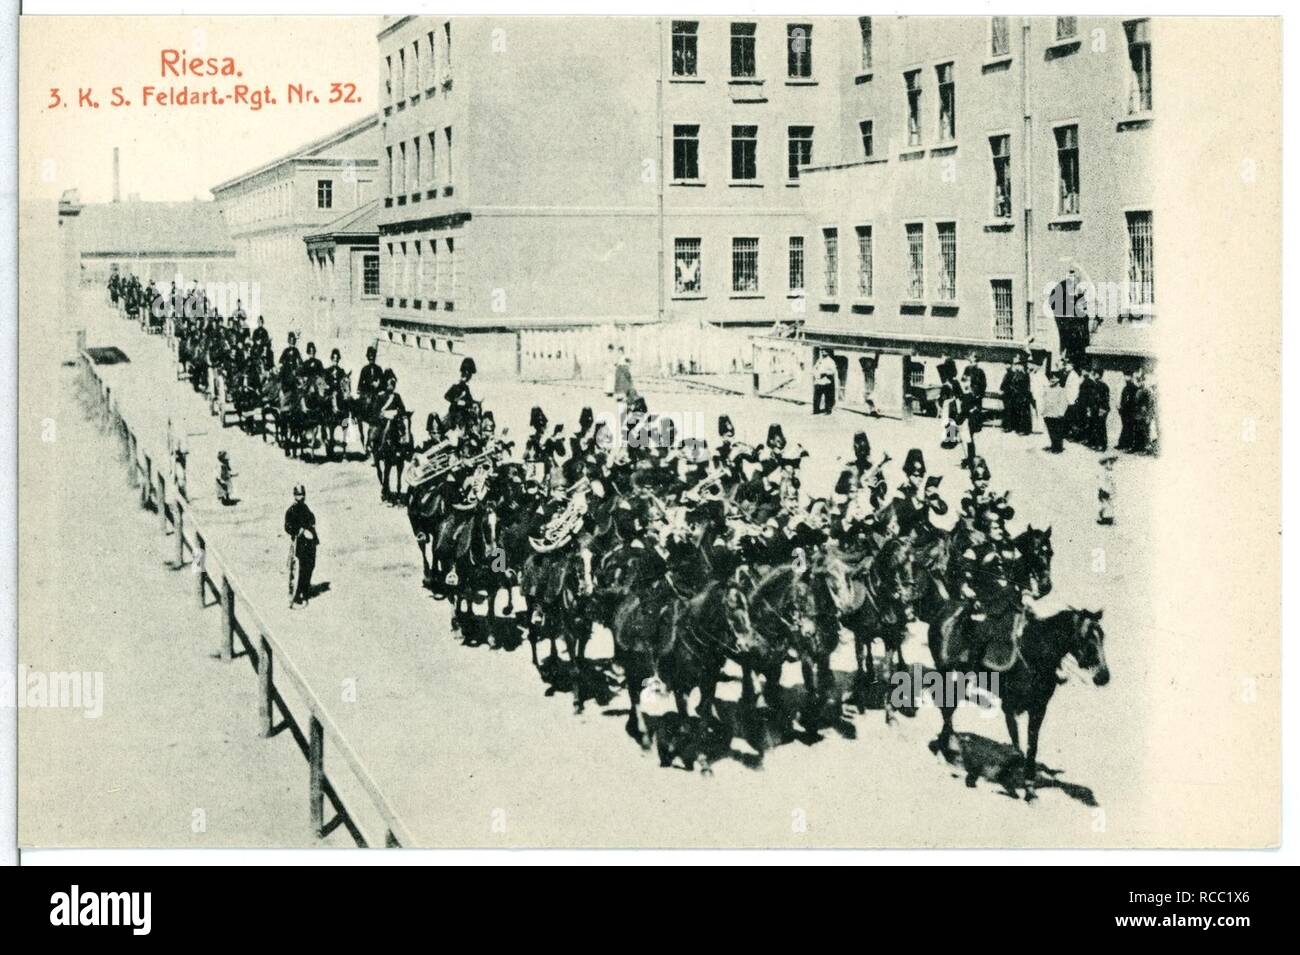 11758 - Riesa -1910-3. Königlich Sächsisches Feldartillerie-Regiment Nr. 32 - Stockfoto
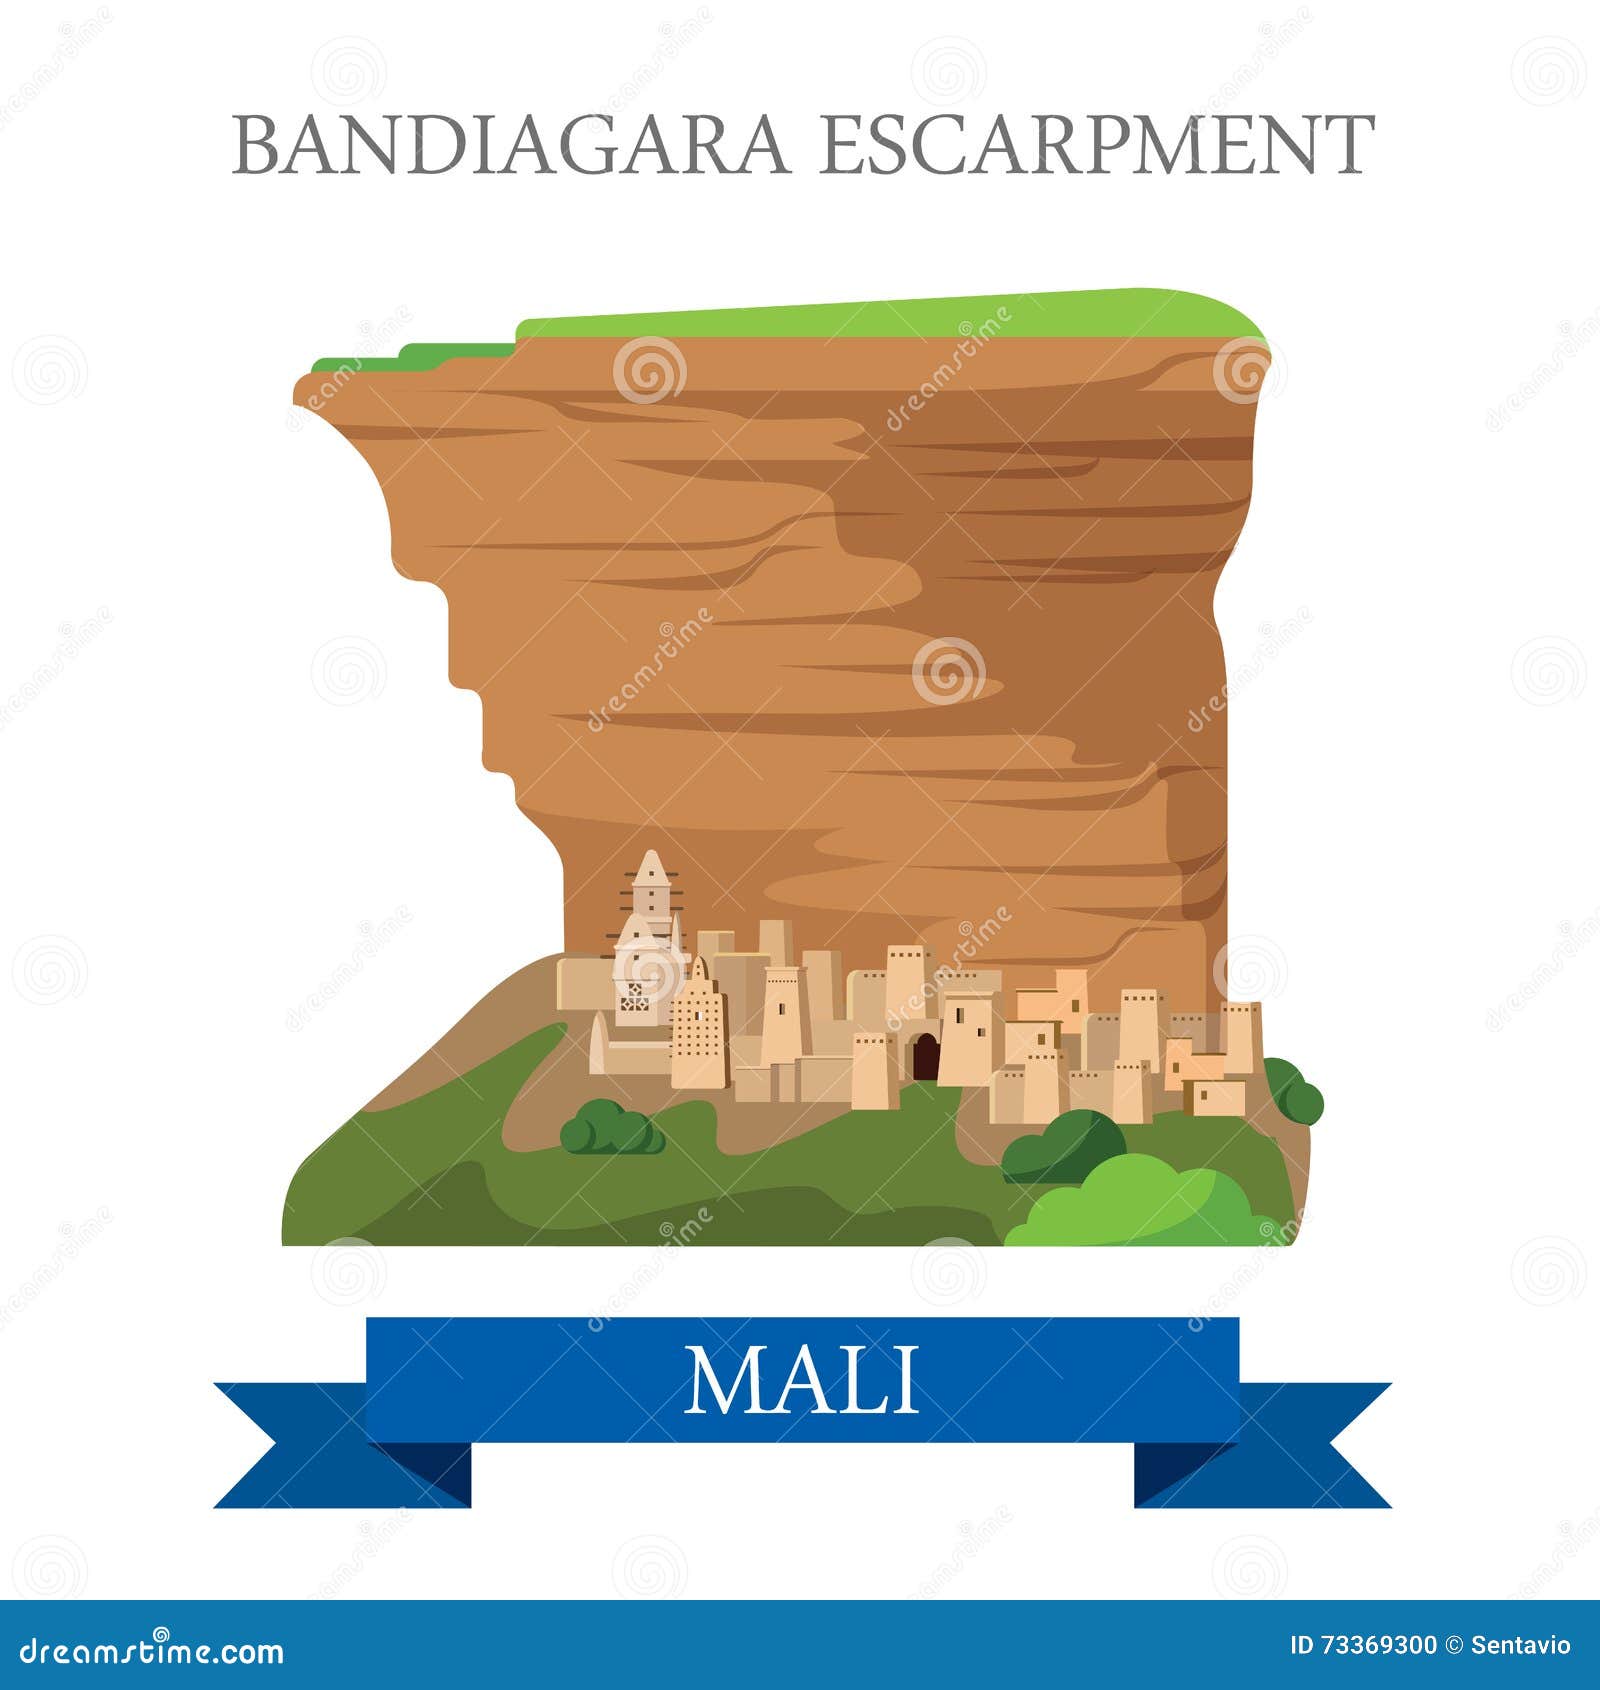 bandiagara escarpment in mali. flat historic vecto
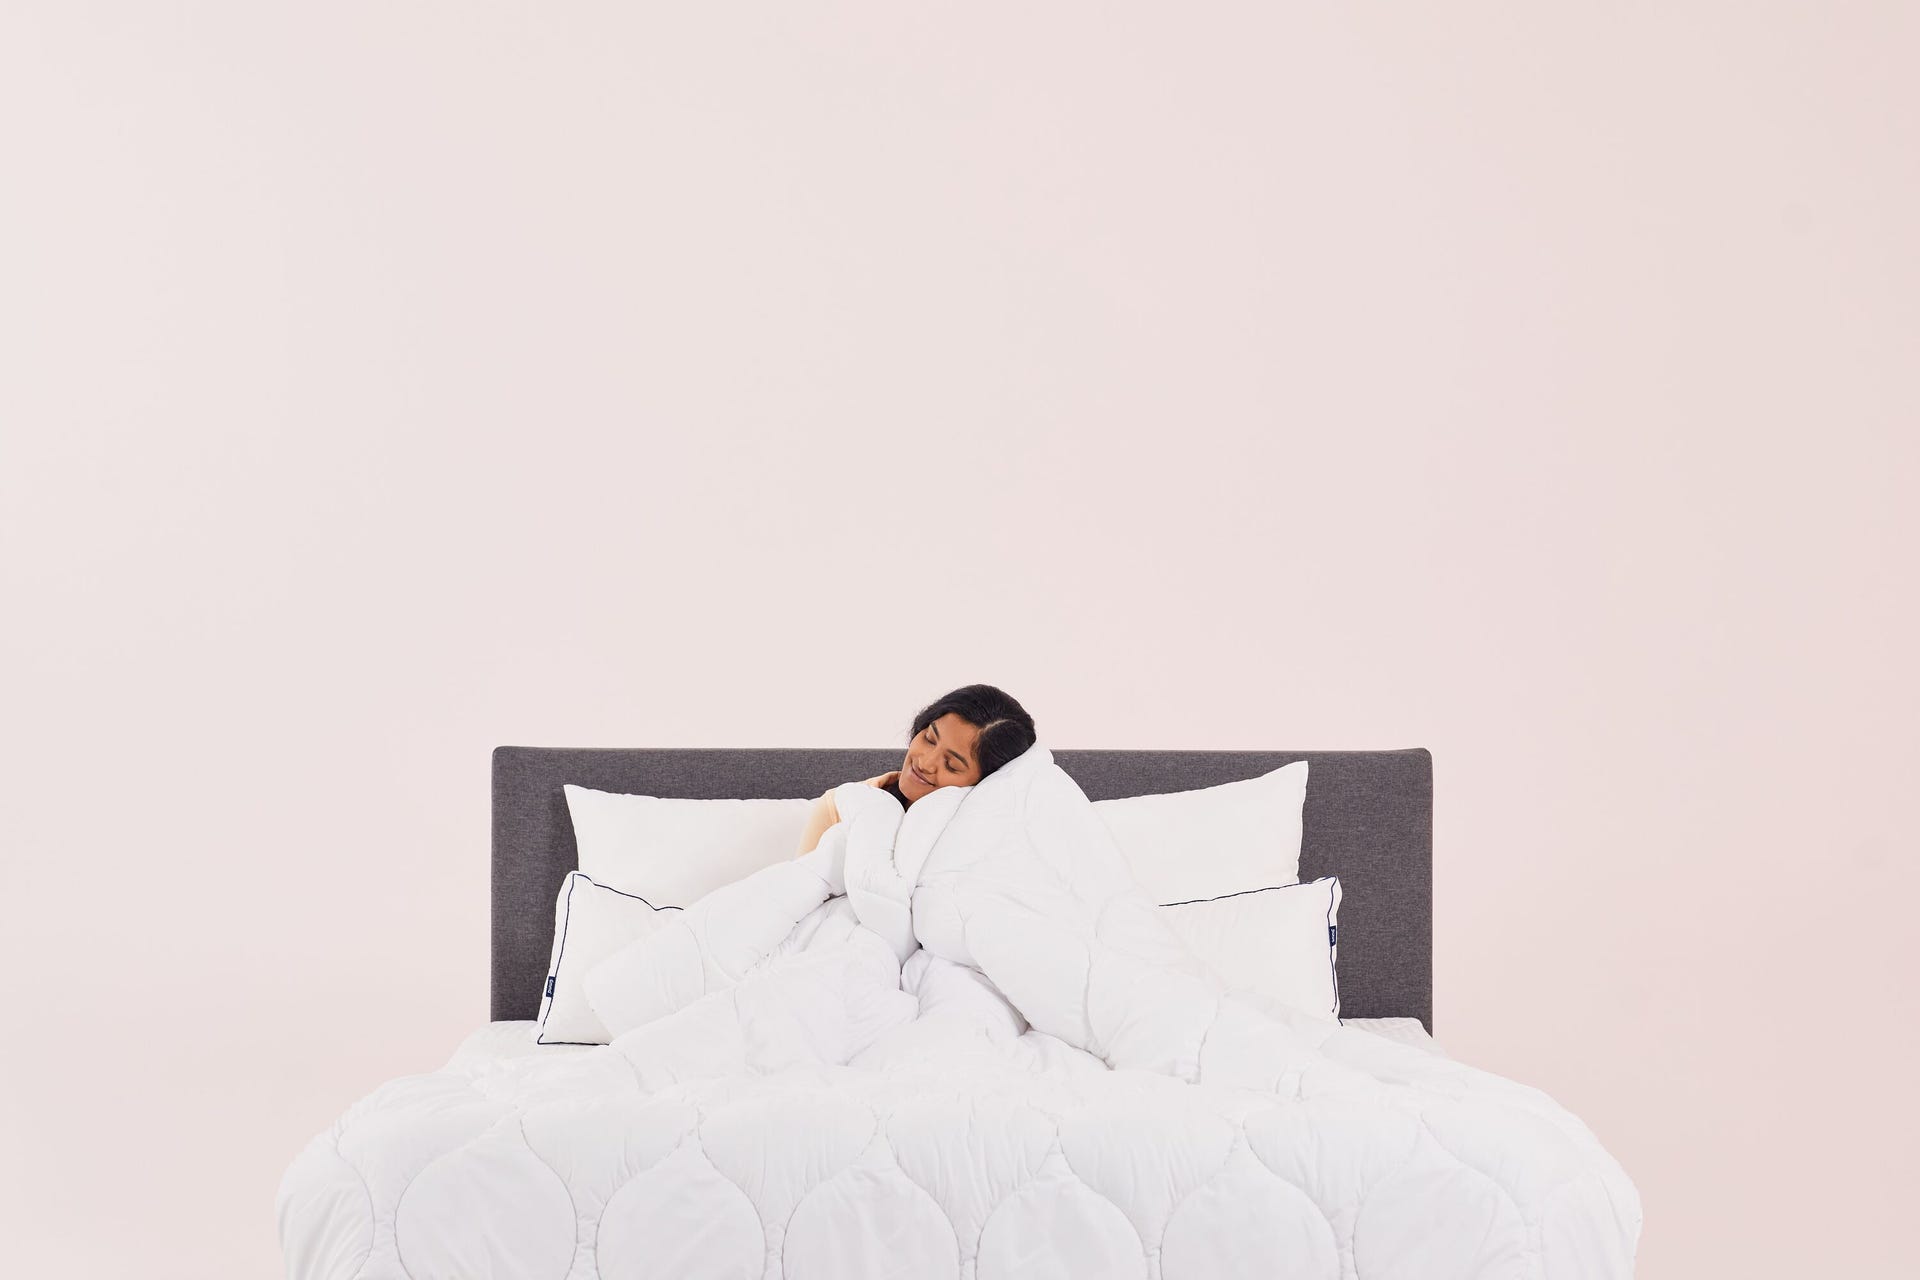 una chica sentada en la cama abraza un edredon blanco
****************
> [Exercise aim]
Every line above should be repeated exactly; pictures stay out of the copy.

> [Finished exercise]
 11758 - Riesa -1910-3. Königlich Sächsisches Feldartillerie-Regiment Nr. 32 - Stockfoto
 bandiagara escarpment in mali. flat historic vecto
 una chica sentada en la cama abraza un edredon blanco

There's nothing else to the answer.